**Work item**
Please return the full listing exactly as written, with the images removed.

**Collected material**

Segment Open

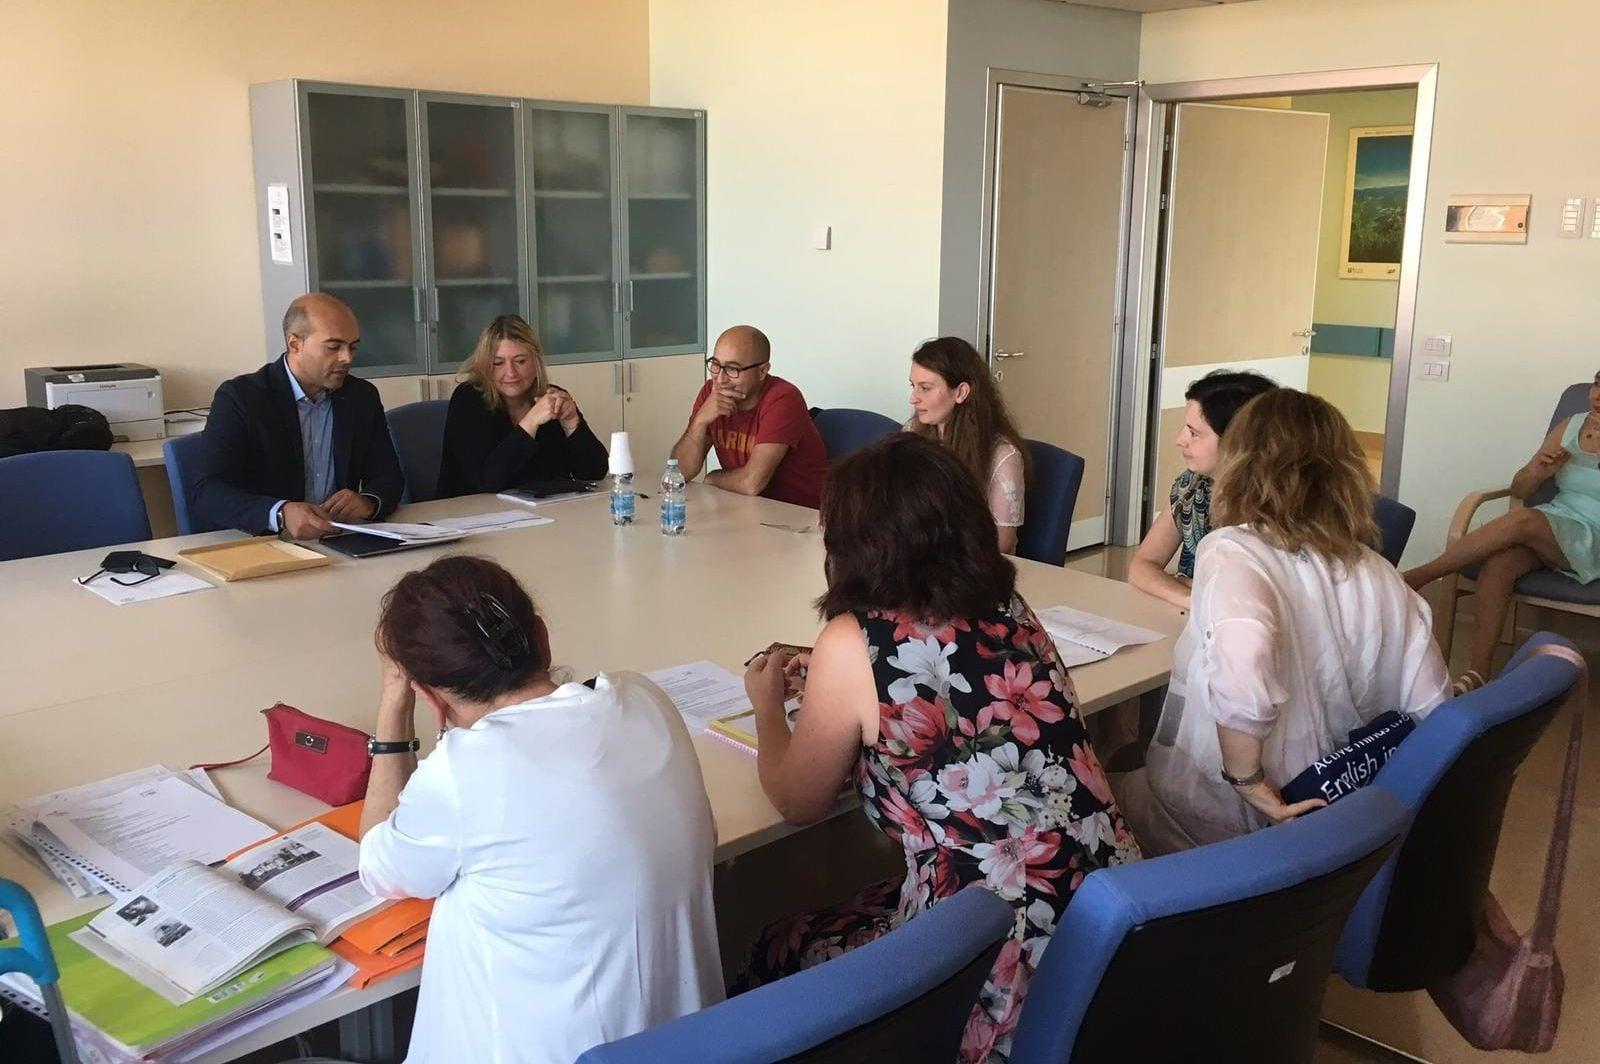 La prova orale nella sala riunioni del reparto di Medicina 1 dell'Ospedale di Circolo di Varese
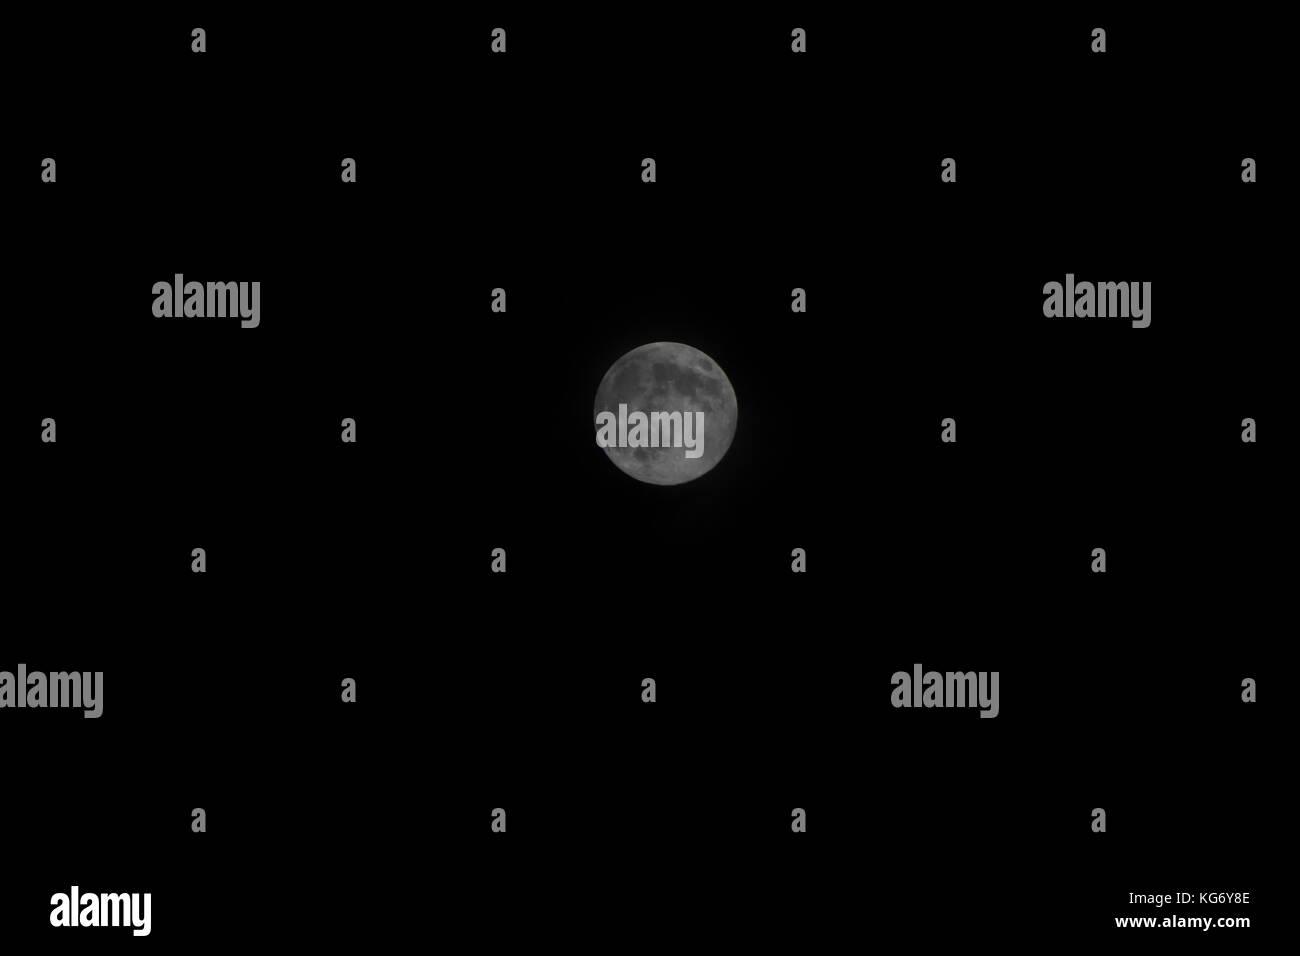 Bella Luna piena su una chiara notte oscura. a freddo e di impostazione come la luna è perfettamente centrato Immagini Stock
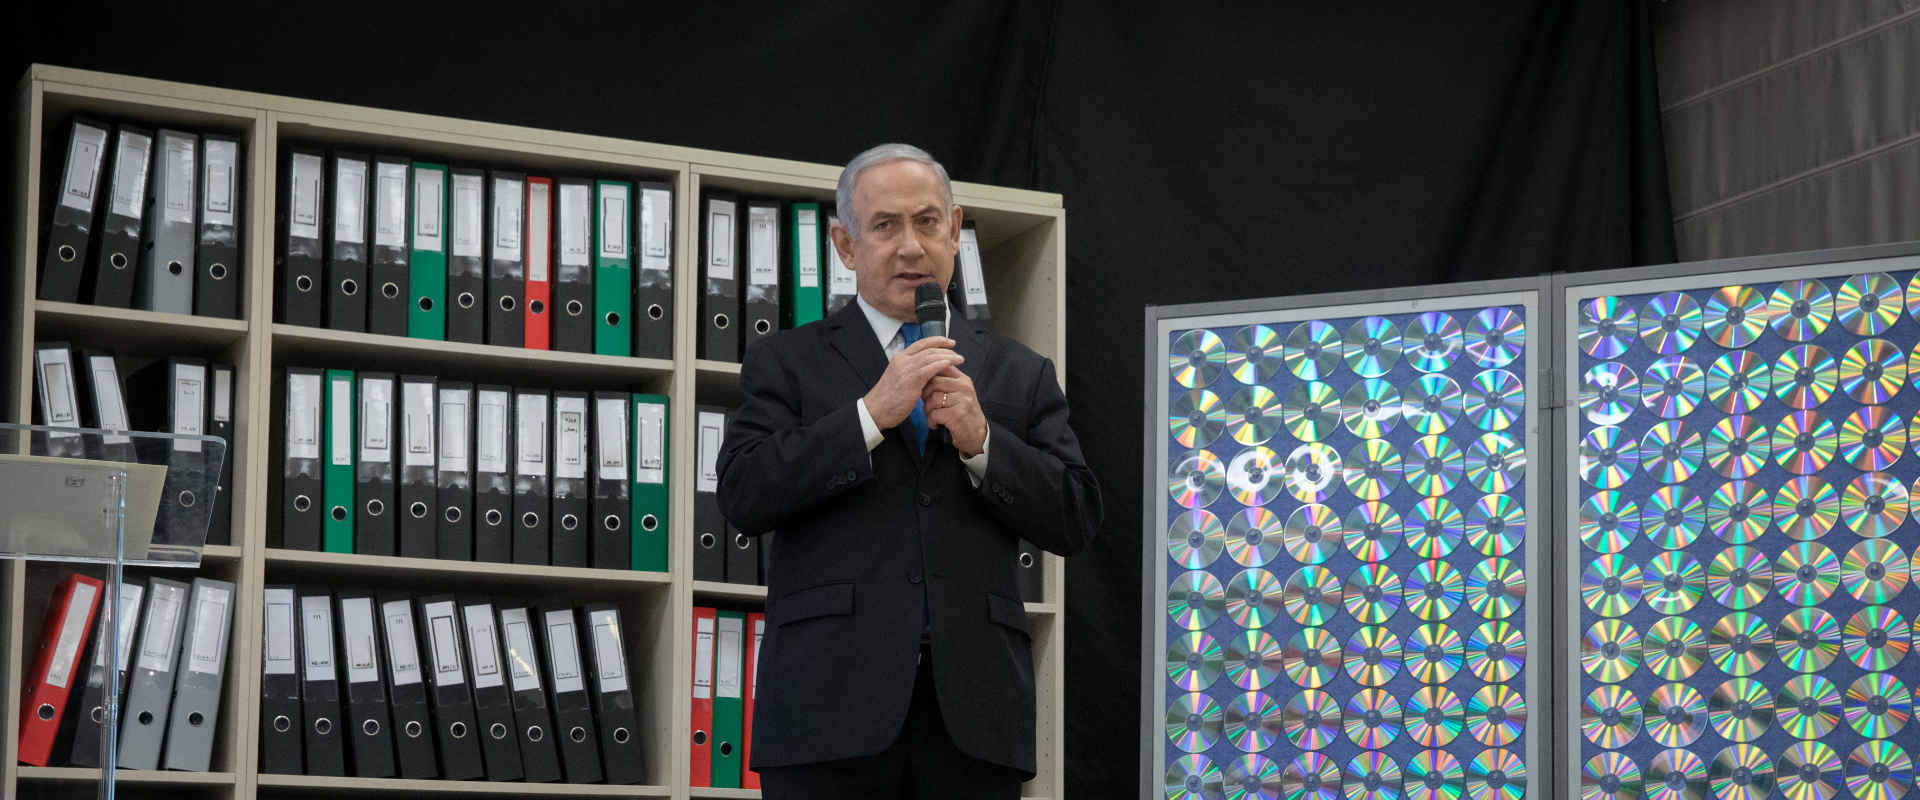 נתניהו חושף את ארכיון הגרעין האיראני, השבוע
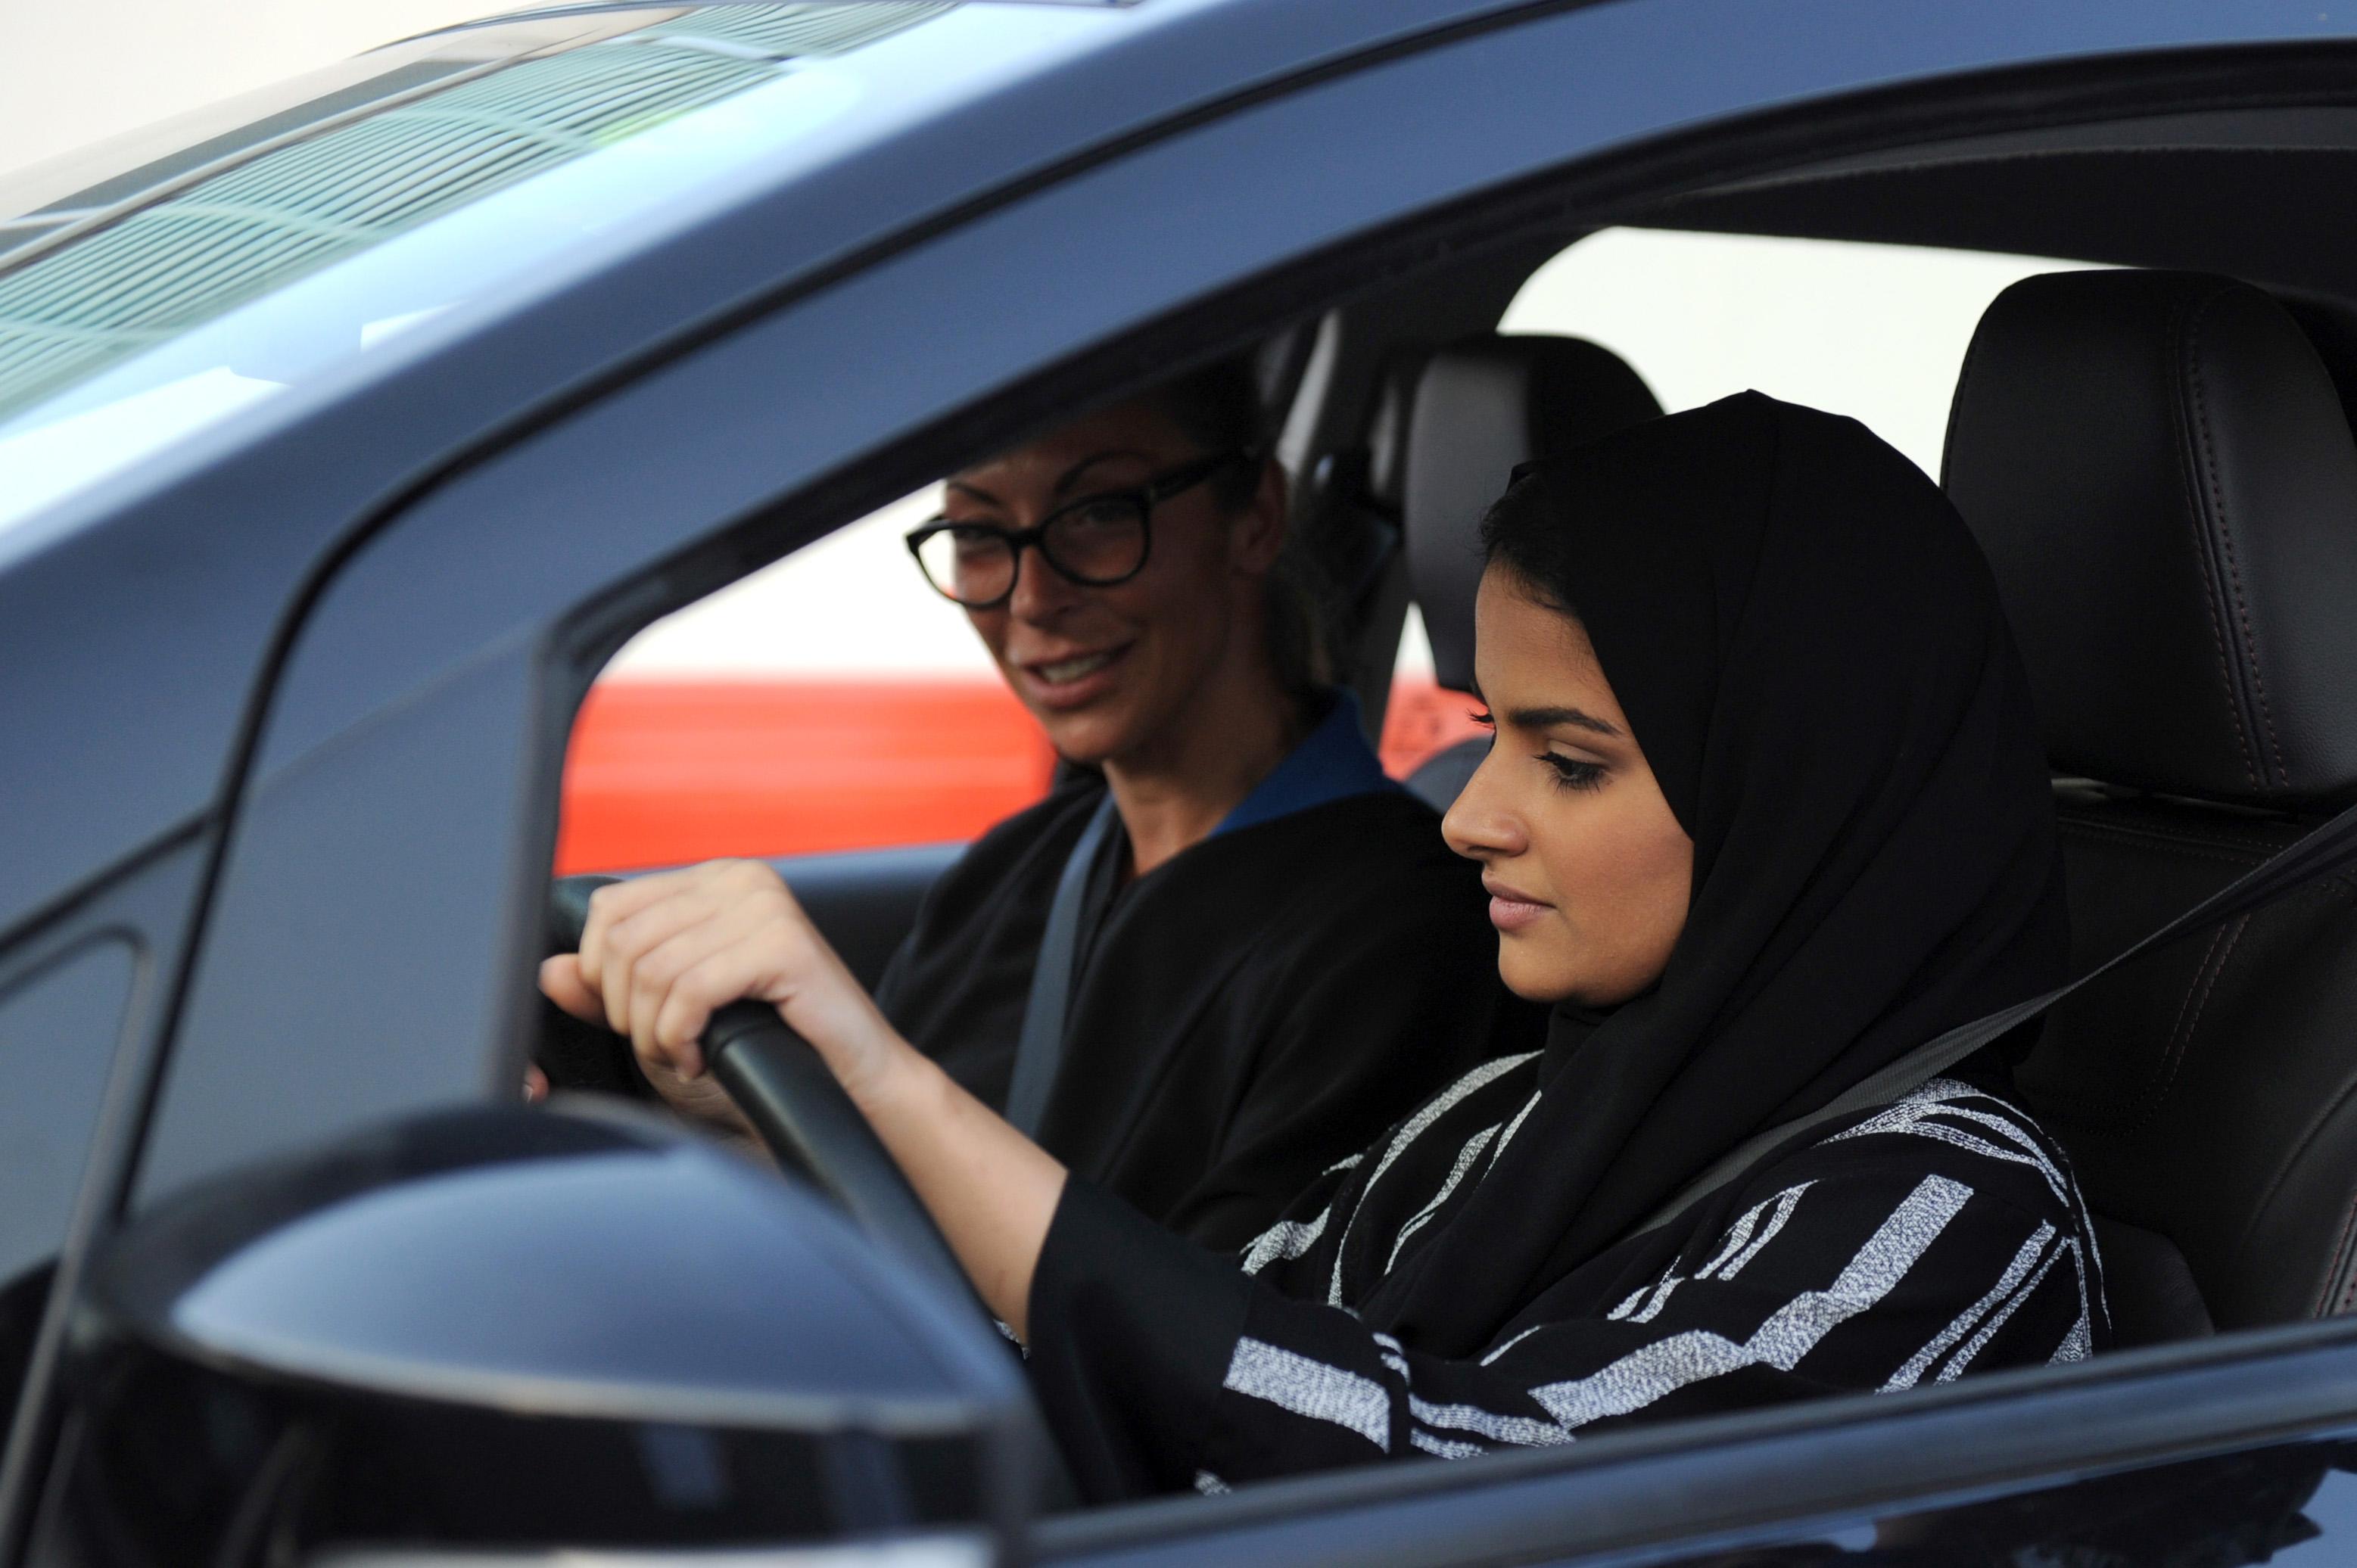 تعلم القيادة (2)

Segment Closed

**Finished task**
 La prova orale nella sala riunioni del reparto di Medicina 1 dell'Ospedale di Circolo di Varese
 Bella Luna piena su una chiara notte oscura. a freddo e di impostazione come la luna è perfettamente centrato Immagini Stock
 נתניהו חושף את ארכיון הגרעין האיראני, השבוע
 تعلم القيادة (2)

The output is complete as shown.